What to produce
Only the pictures are to be left out; write out the rest of the data exactly.

Data shown
_ _ _ _ _ _ _

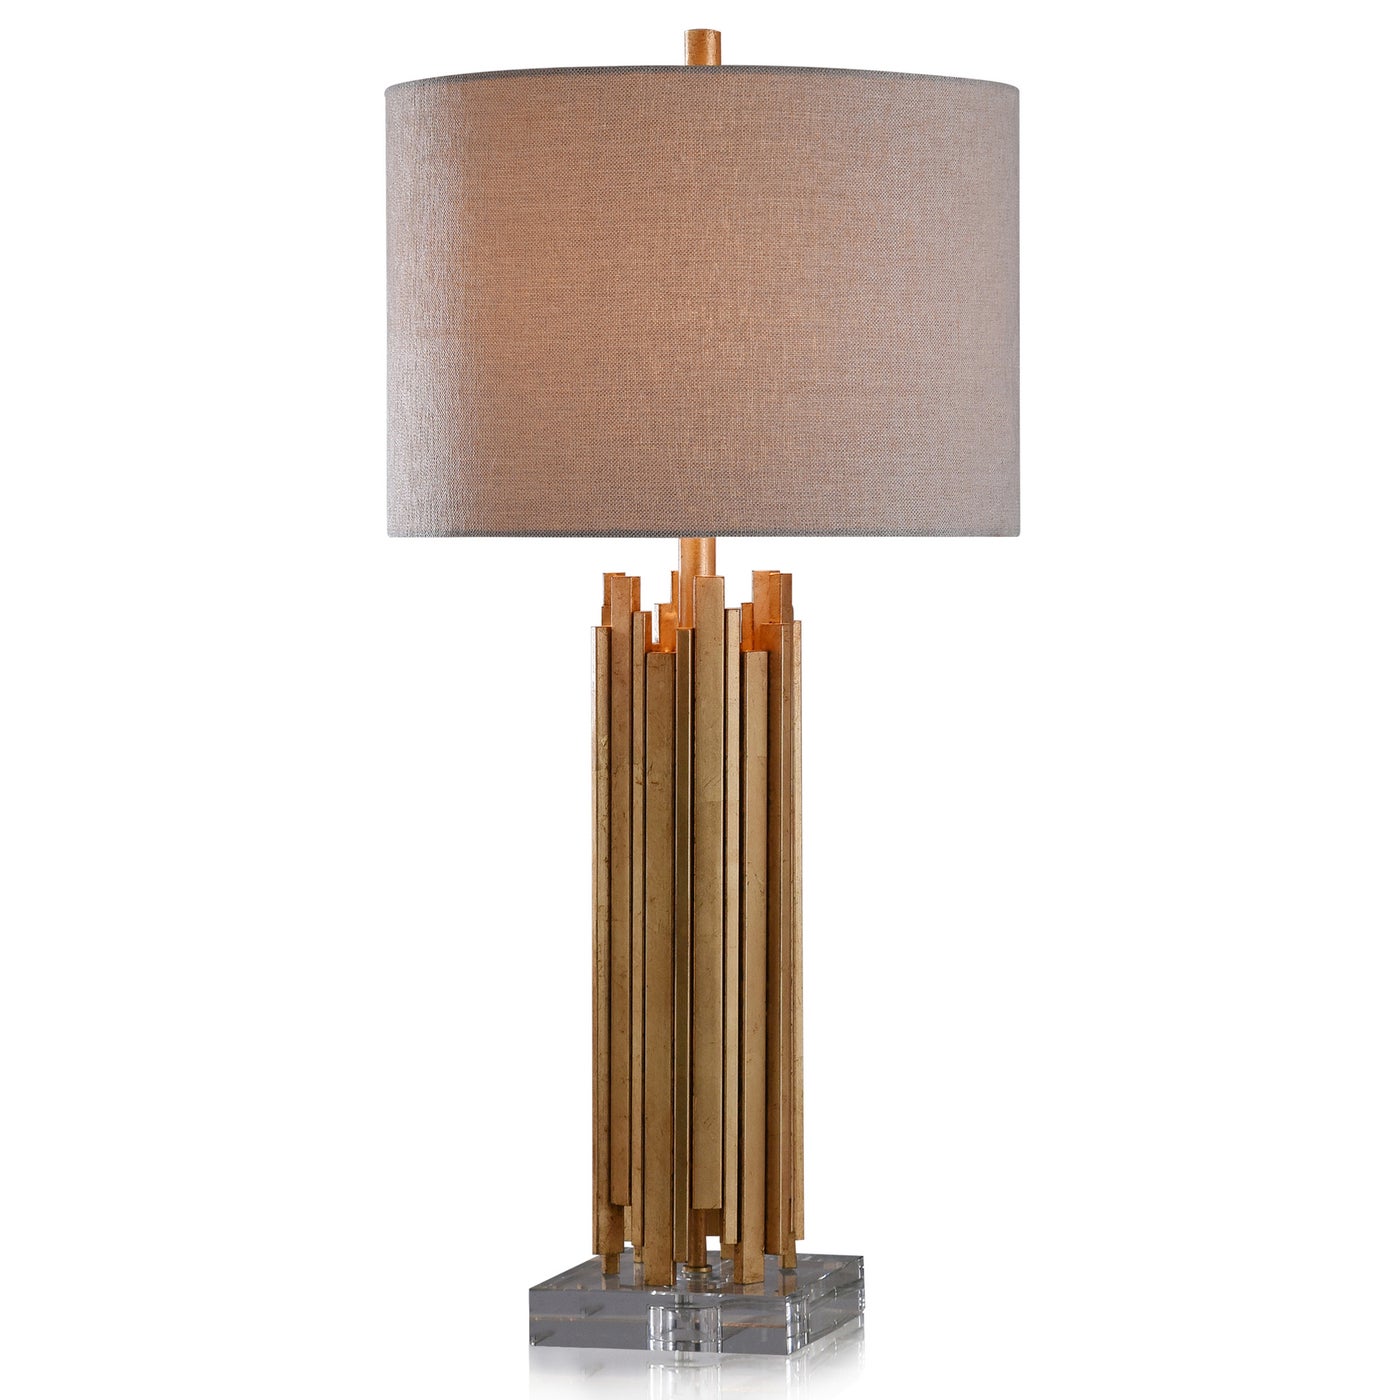 Slim Antique Brass Table Lamp With Metal Shade
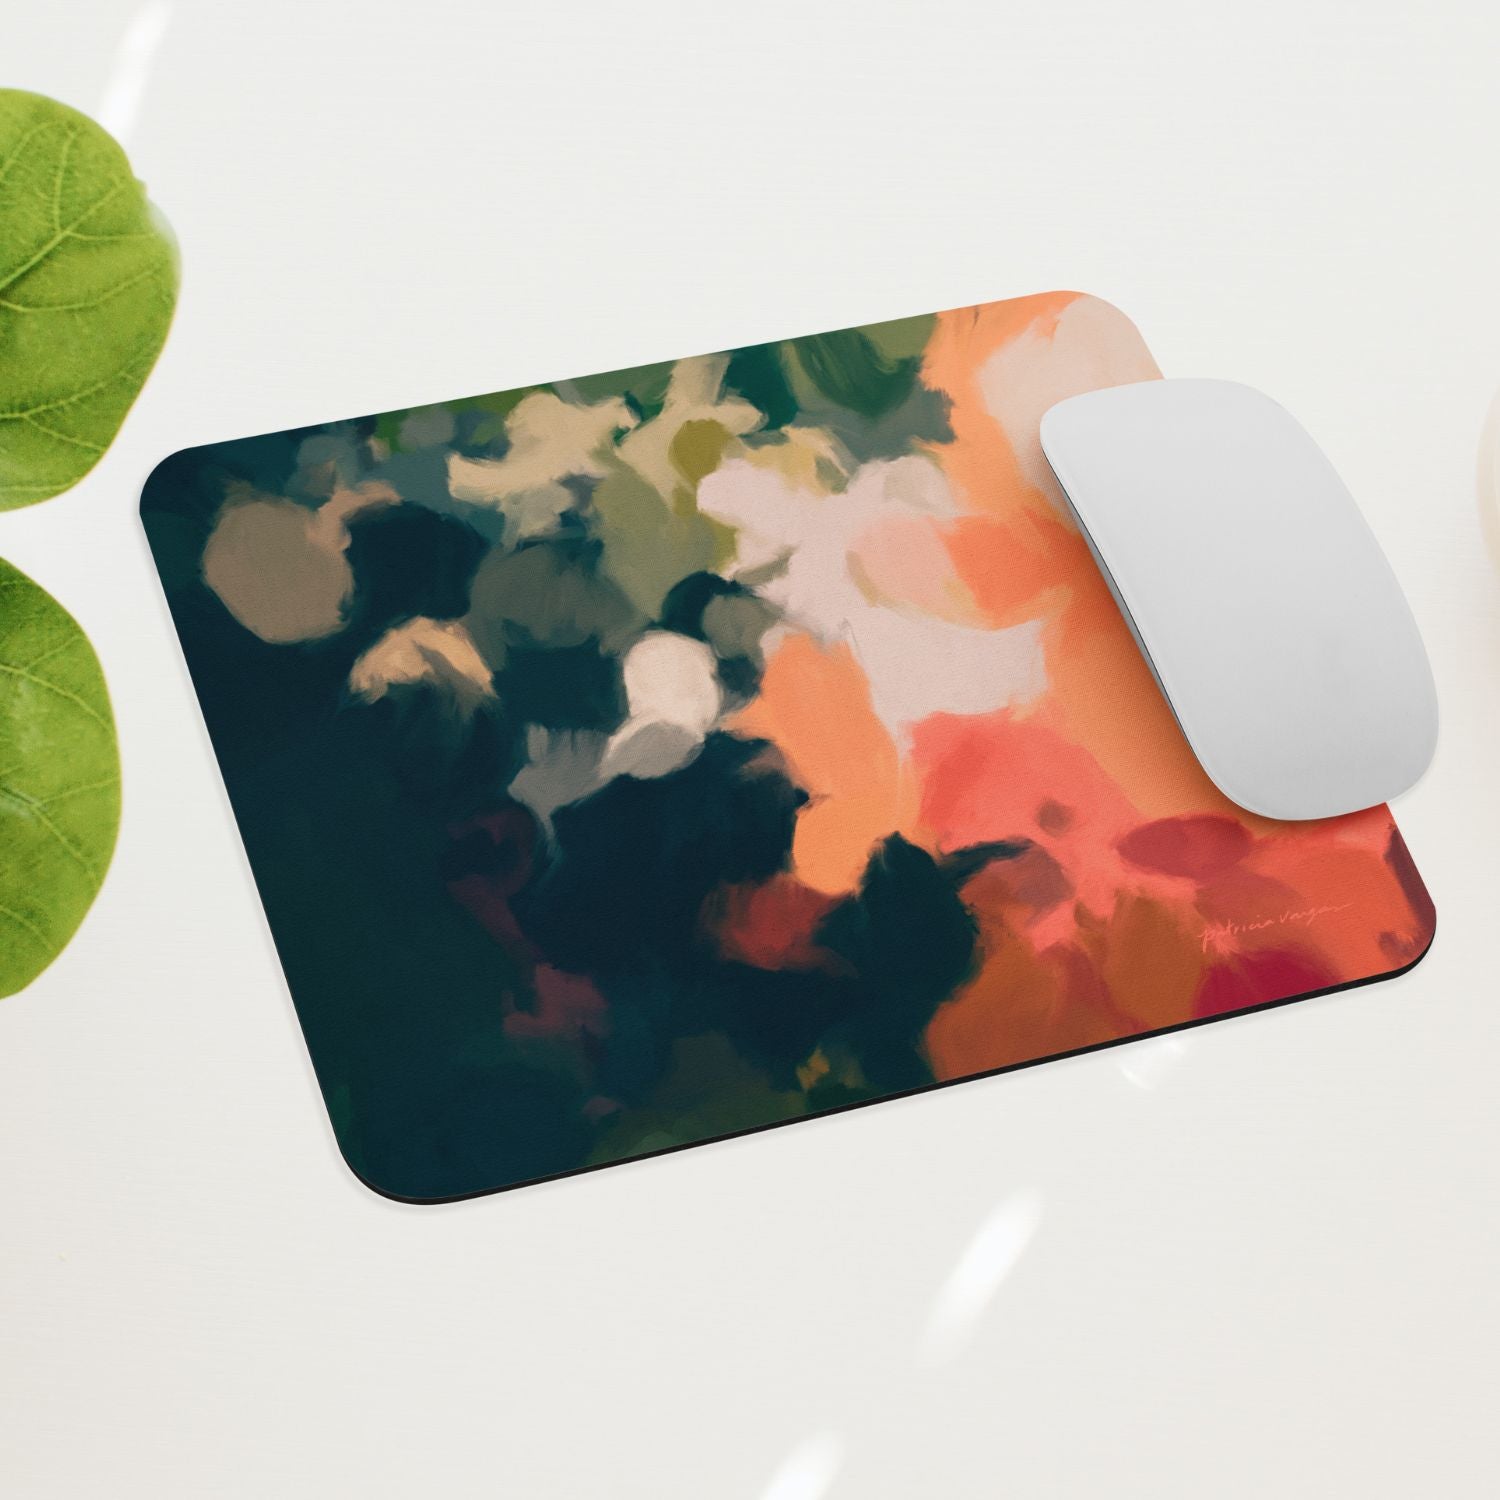 Ria, blue and orange mouse pad for styling your office desk. Featuring artwork by Parima Studio. Home office styling accessories, cubicle styling accessories.
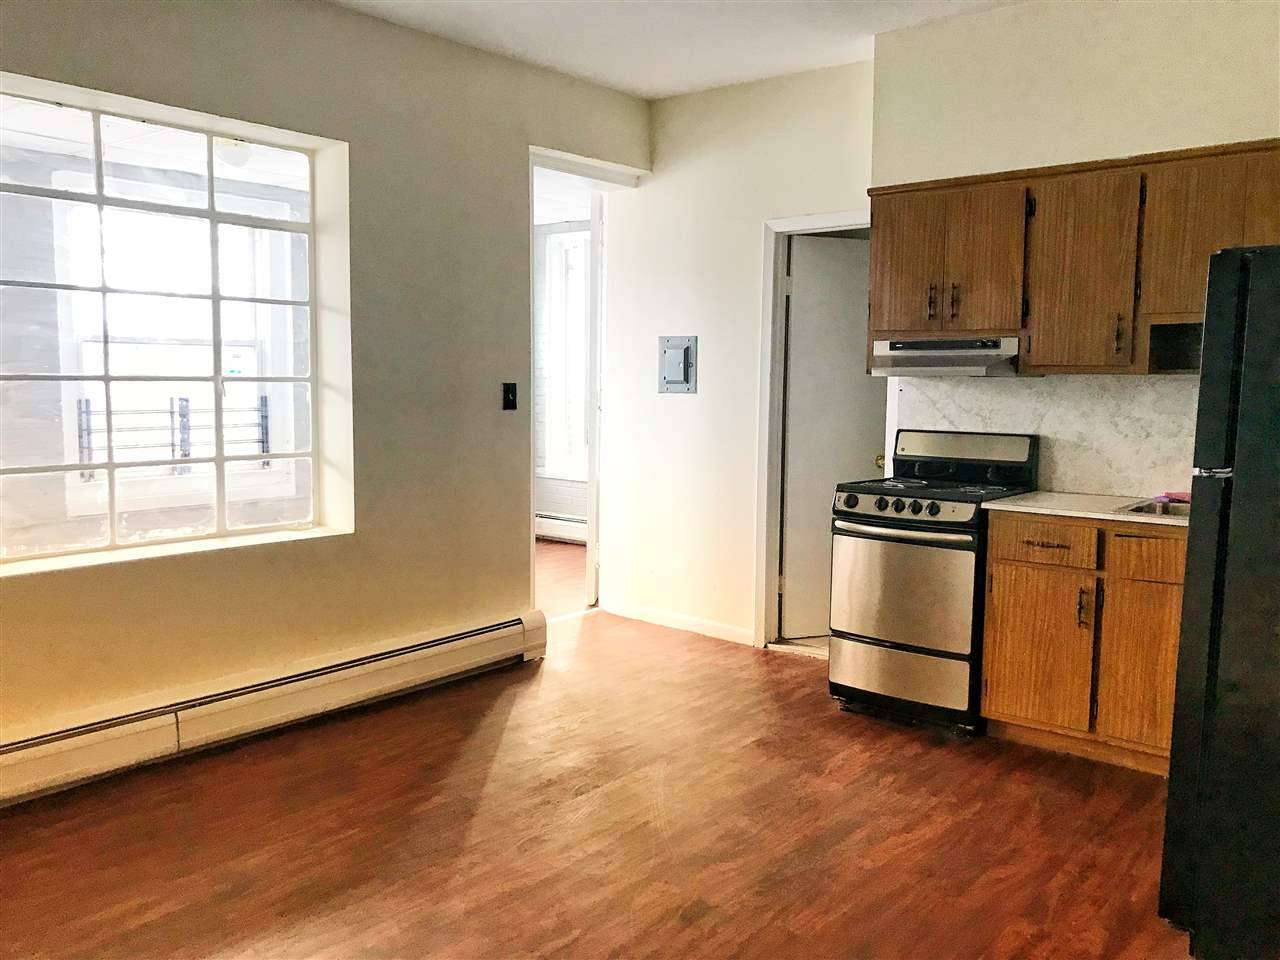 Spacious 1 bedroom with view of the park - 1 BR New Jersey

_ _ _ _ _ _ _

Answer space
 Slim Antique Brass Table Lamp With Metal Shade
 Ria, blue and orange mouse pad for styling your office desk. Featuring artwork by Parima Studio. Home office styling accessories, cubicle styling accessories.
 Spacious 1 bedroom with view of the park - 1 BR New Jersey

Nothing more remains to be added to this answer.